◆ The data ◆

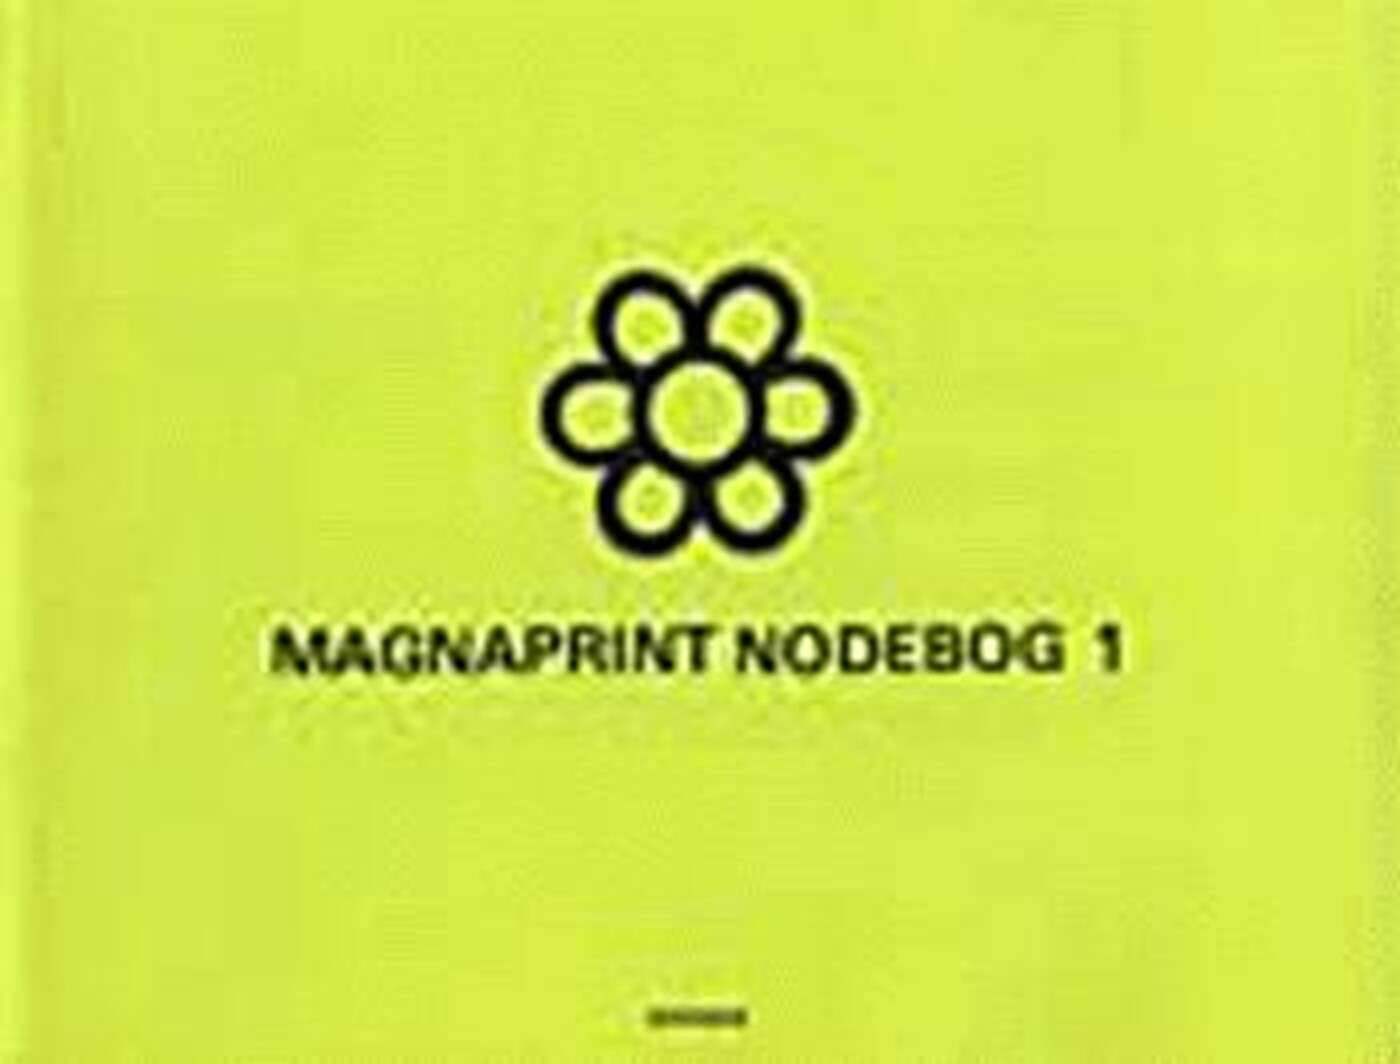 Magnaprint Nodebog 1 (grøn) - Diverse - Bog
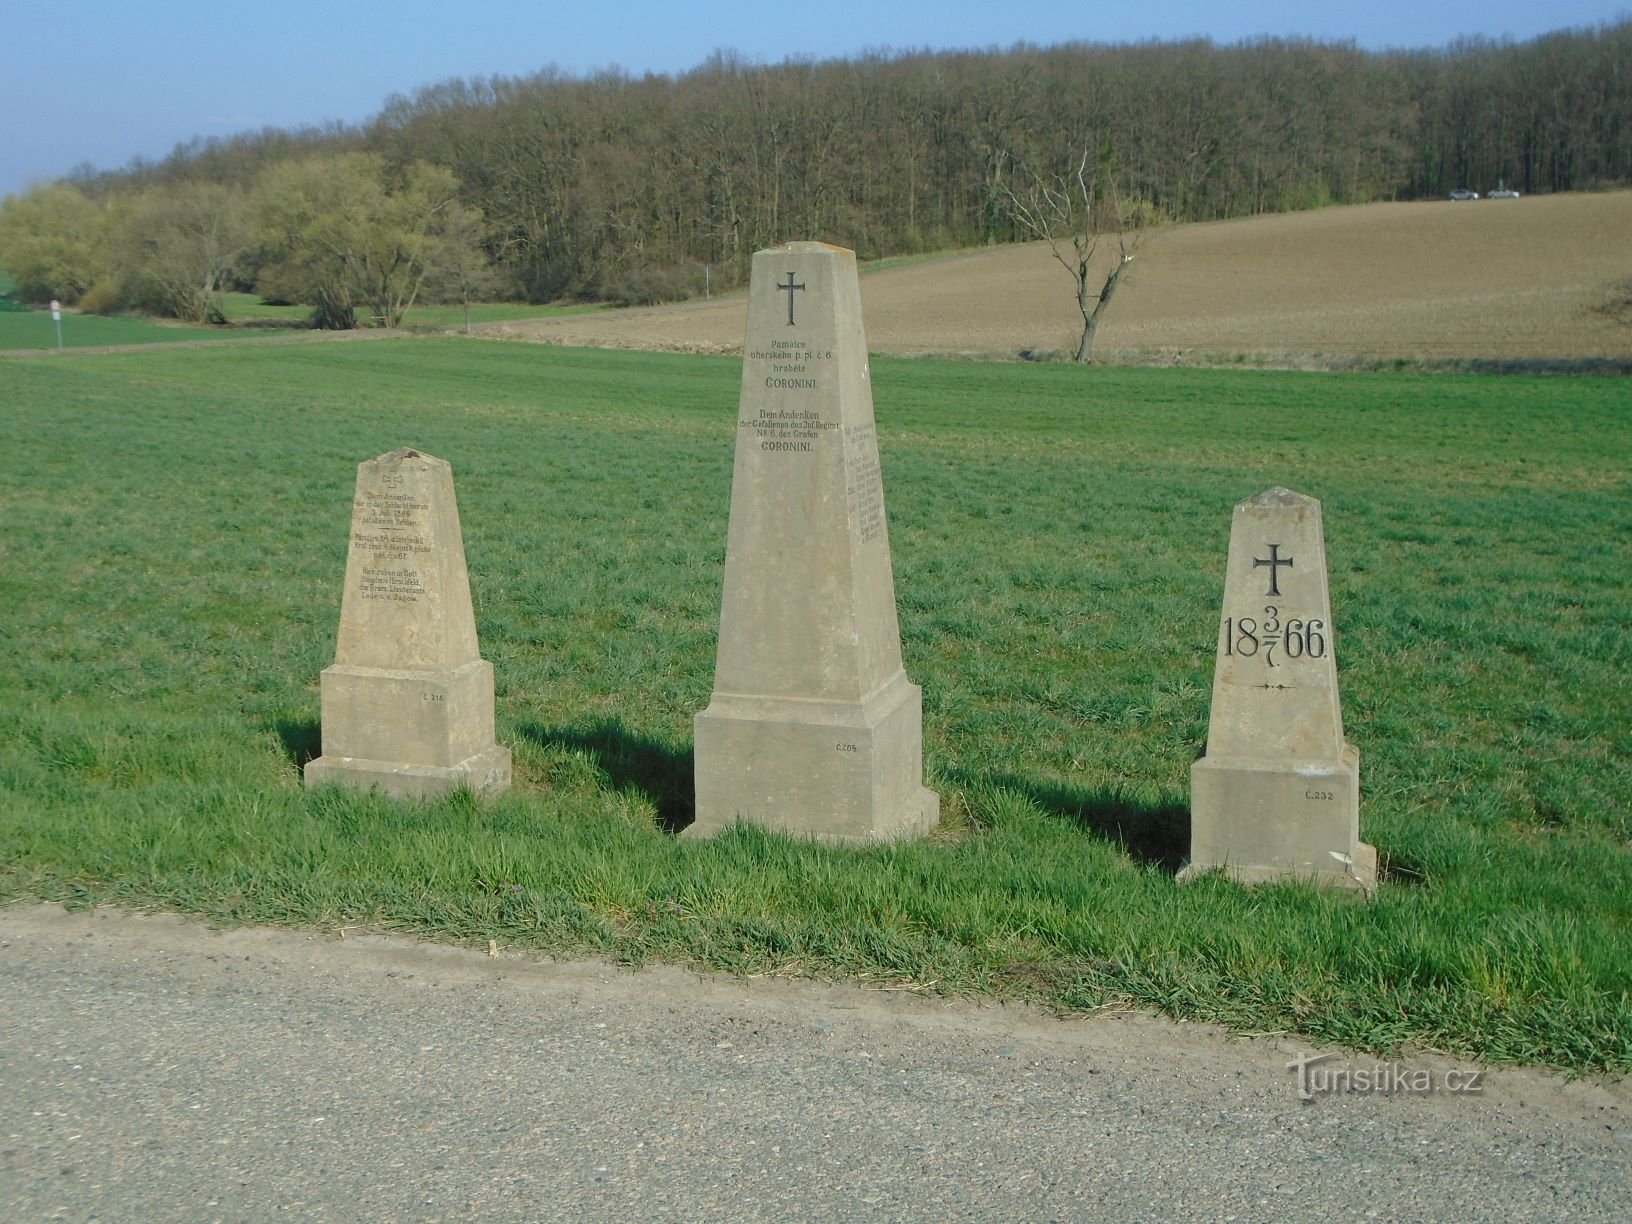 Spomeniki bitke iz leta 1866 ob cesti (Čistěves, 7.4.2019. XNUMX. XNUMX)
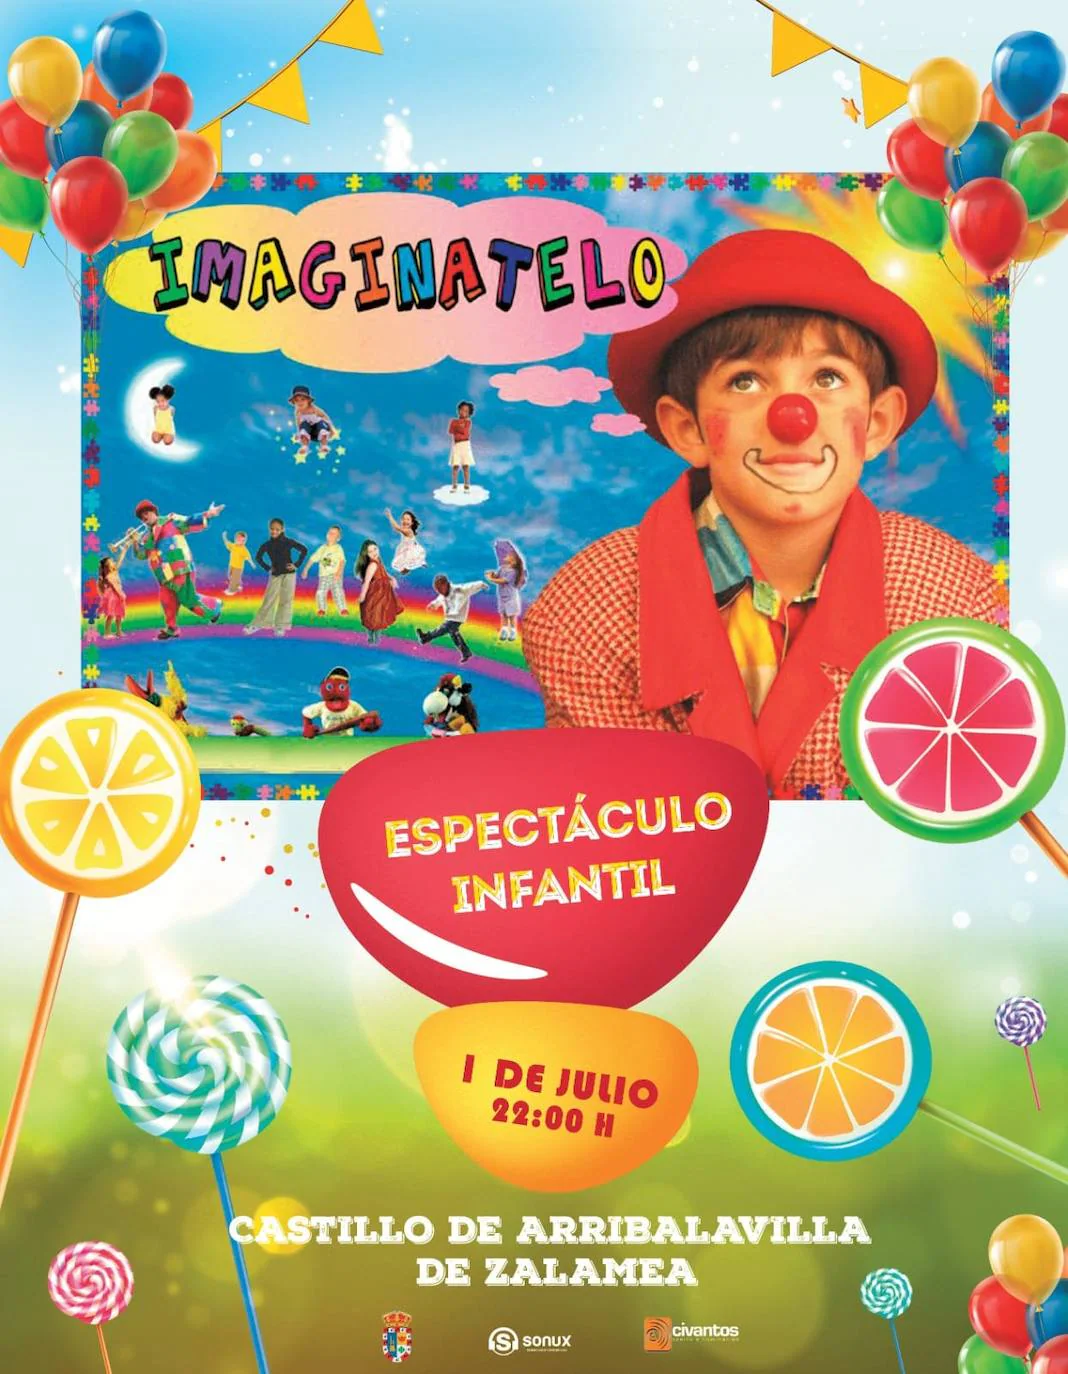 El espectáculo infantil 'Imagínatelo' llega este viernes al Castillo de Arribalavilla

◆ Activity ◆
Leave the pictures aside. Set down exactly the lines from the one with "Spomeniki bitke iz" through the final line of the listing above.

◆ Task output ◆
 Spomeniki bitke iz leta 1866 ob cesti (Čistěves, 7.4.2019. XNUMX. XNUMX)
 El espectáculo infantil 'Imagínatelo' llega este viernes al Castillo de Arribalavilla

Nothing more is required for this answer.